There’s been a lot of hubbub in the news lately–thanks to the movie based on the Bratz dolls–about the differences between Barbie and Bratz, and how the Bratz dolls are finally unsettling Barbie from her lofty perch in the toy world. (The Mirror reports that Bratz dolls are outselling Barbie 2 to 1.)
As article after article has reported, Bratz are attractive to girls because they are more ethnically diverse, they have attitude, and in an accessorizing deathmatch with Barbie, the Bratz pack might prove the winners both in terms of quantity and fashion. The result of this competition has been a pint-sized arms race of age-inappropriate sexiness. As Abby West puts it so succinctly in The Huffington Post: Bratz dolls “look like little hookers.”
What’s a parent to do? If you’re in the American mainstream, the answer seems to be “not much.” Our children are steeped in consumer culture whether we try to fight it or not, and our girls and young women are objectified at younger and younger ages, no matter what the color of their skin.

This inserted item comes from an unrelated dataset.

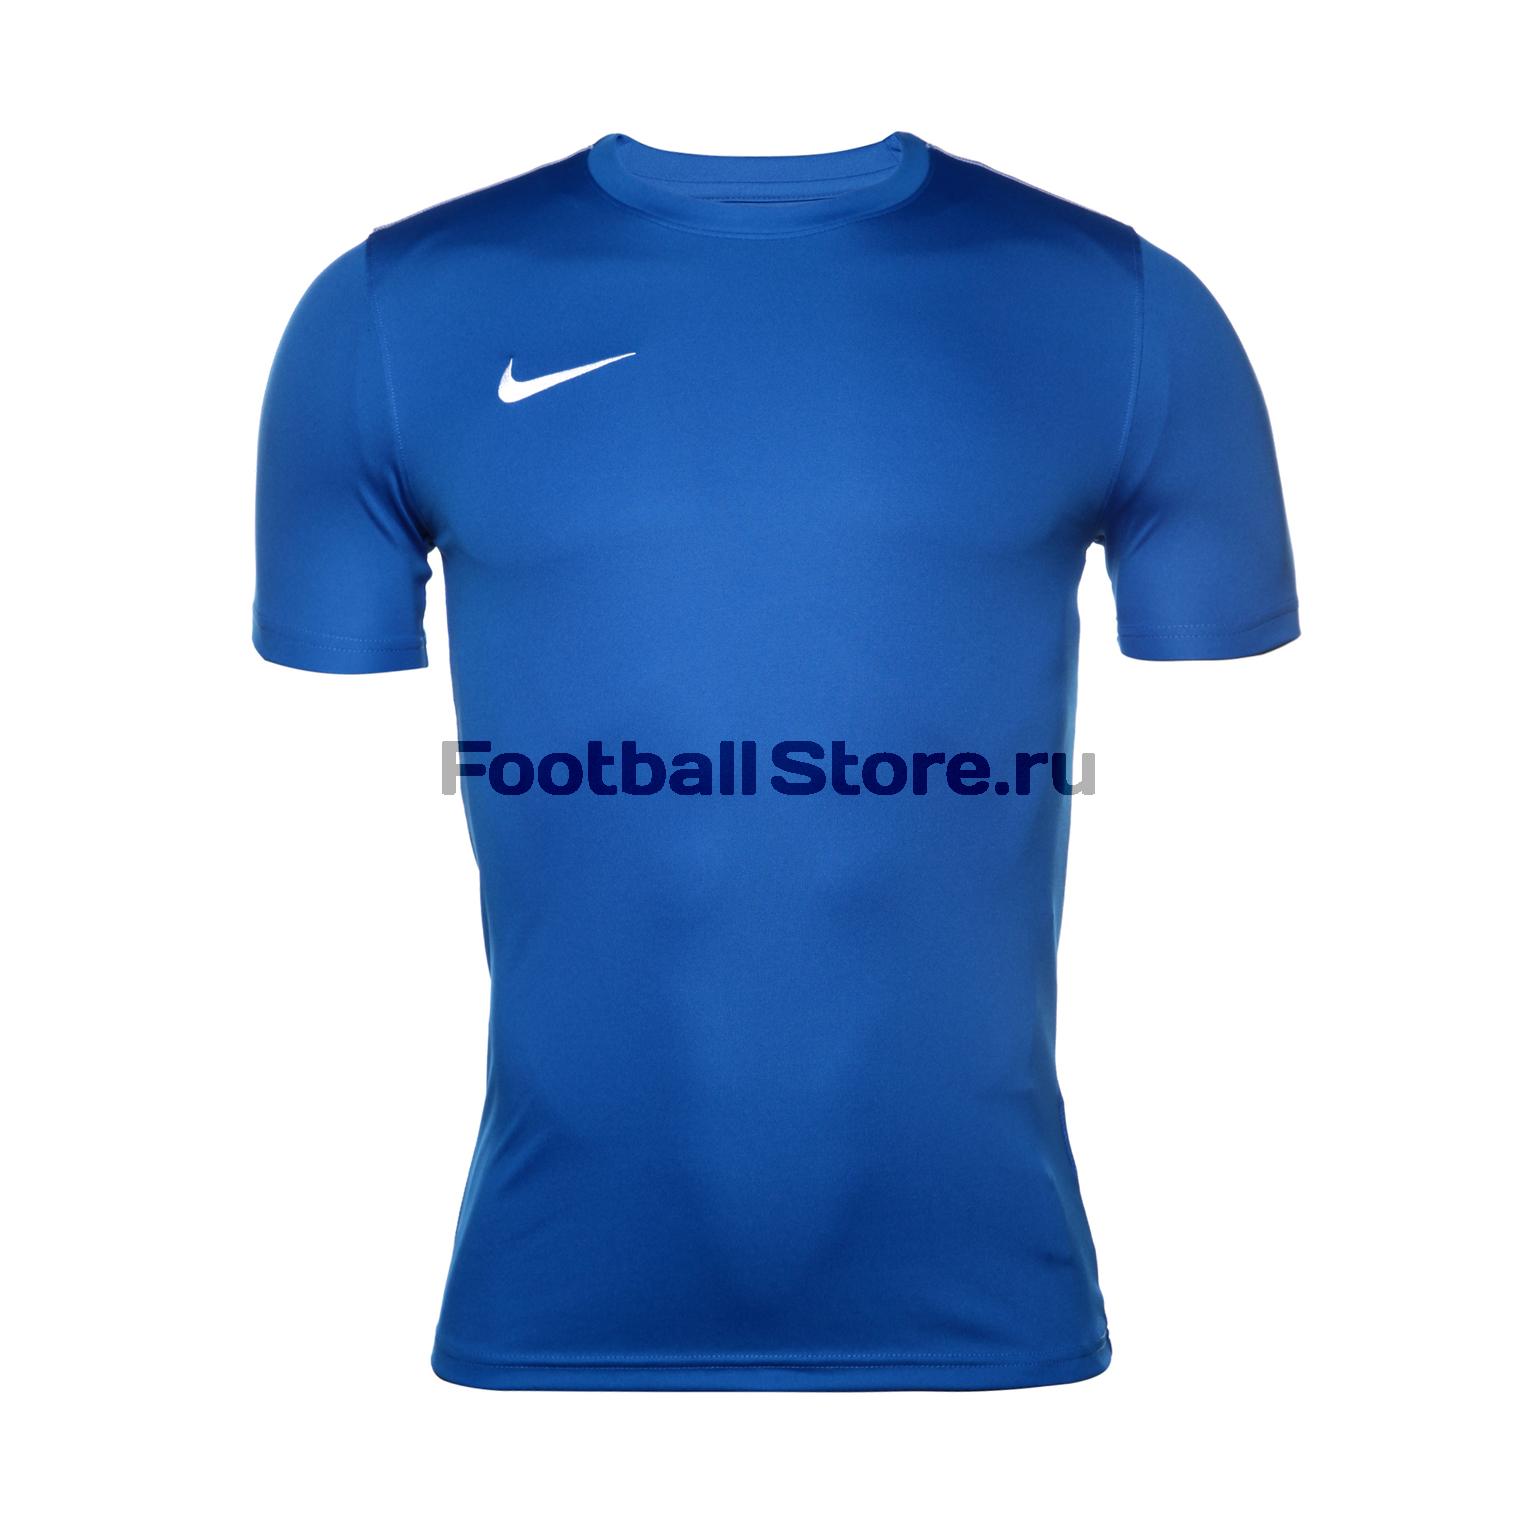 Футболка тренировочная Nike Dry Park18 SS Top AA2046-463 футболка игровая nike dry tiempo prem jsy ss 894230 411

If, however, you’re outside the American mainstream–say, in an Islamic tributary of the stream–then you can throw around the weight of, well, God. And if God doesn’t want you to have sexy dolls, Missy, there will be no sexy dolls for you. End of argument.

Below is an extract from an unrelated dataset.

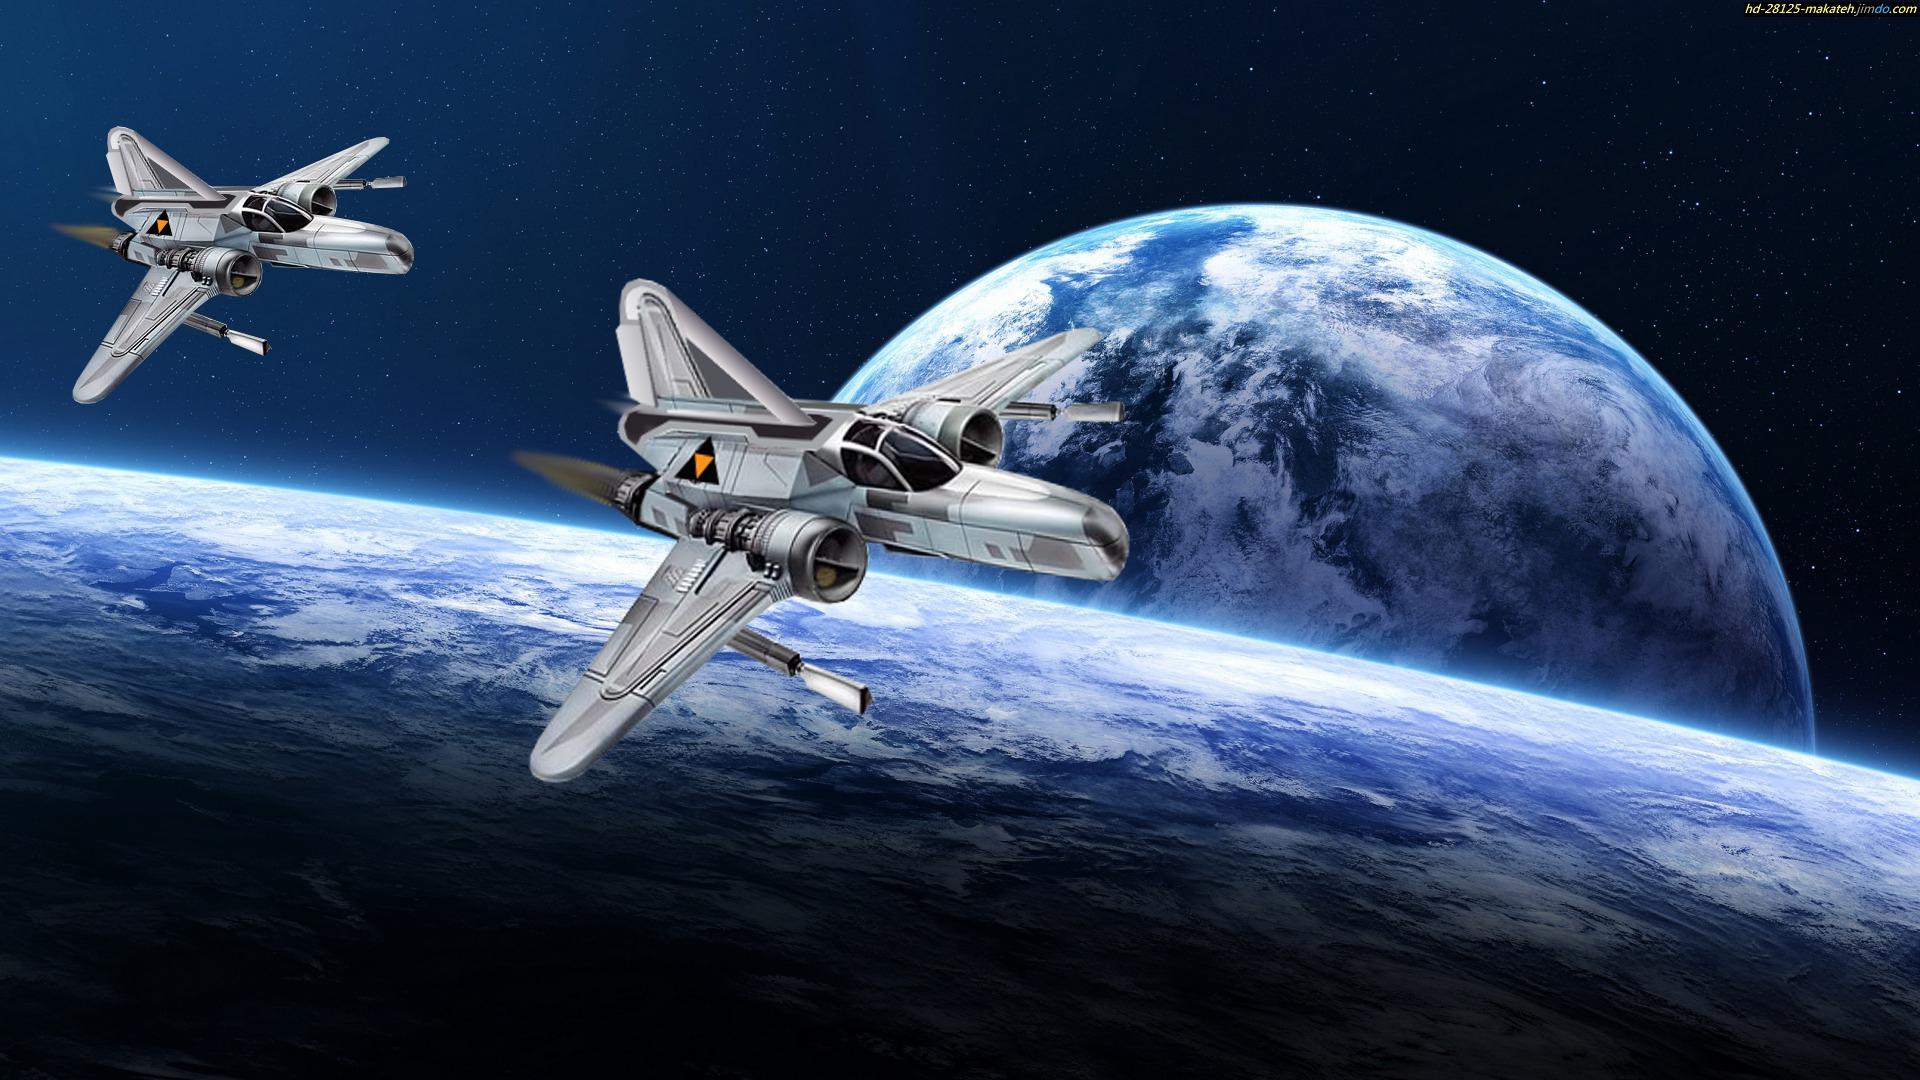 Sci fi ships wallpaper wallpapersafari for Sci fi background

Fortunately for girls who have outgrown plush dolls and who are hankering for plastic prototype women, some companies have answered their prayers for fun but respectable playthings.
Four years ago, Michigan-based NoorArt introduced Razanne, a modest Muslim version designed to compete with Barbie among Muslim children. Razanne comes in three ethnic variations–dark skin/black hair, olive skin/black hair, and pale skin/blonde hair–and with fashions appropriate for inside the home and outside of it. Variations on her wardrobe include “Eid Mubarak” holiday garb (in pale blue or pink) for Eid, a casual but still modest playday outfit, a Muslim Scout uniform that provides full coverage, a dress for school, robes and headcoverings appropriate for the mosque, and “teacher Razanne.”

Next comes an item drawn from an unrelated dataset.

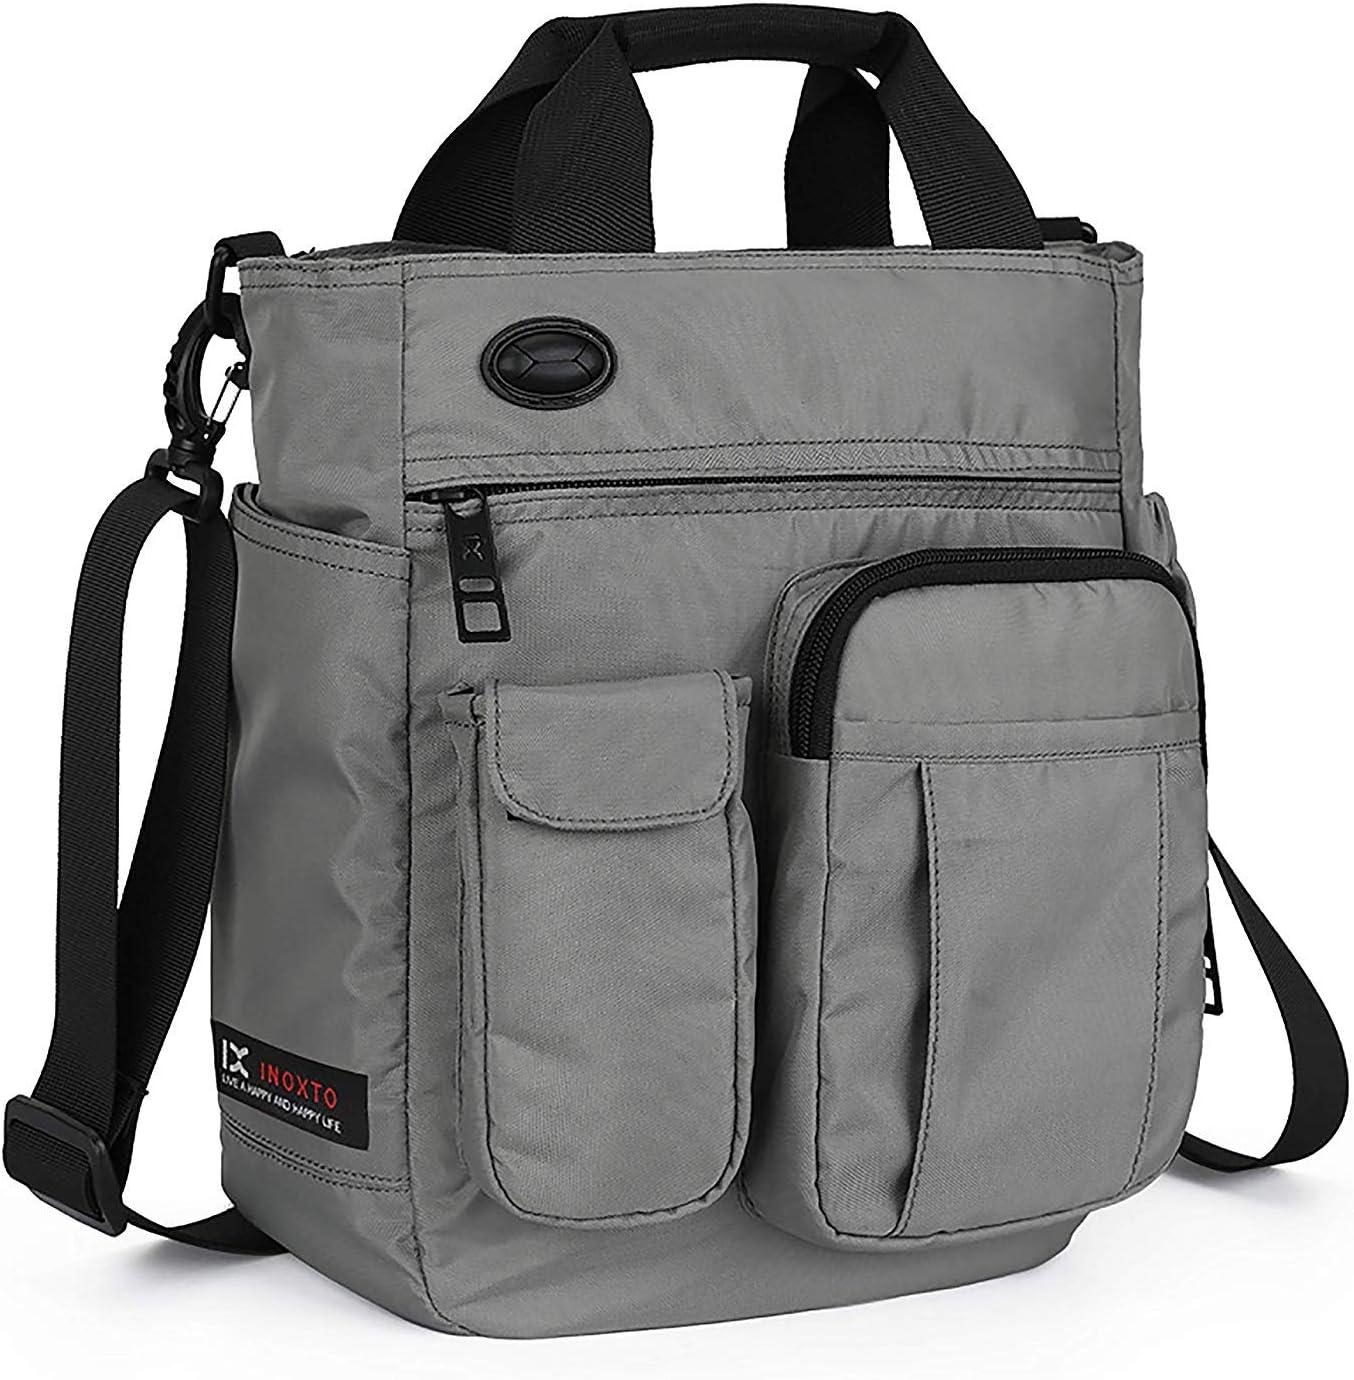 Crossbody Messenger Bag, Multifunctional Shoulder Bag, Laptop Bag for for Men and Women College School Business Sport Travel (Gray)

The NoorArt site explains that
In and Out Razanne comes with a two-piece fashion set for wear inside and outside the home. At home Razanne loves to dress in all the latest fashions. In a minute she can be ready to go out with this traditional jilbaab coat. Razanne helps Muslim girls understand that in the home they can be the ultimate fashion statement yet still have attractive attire while dressing modestly outside the home.”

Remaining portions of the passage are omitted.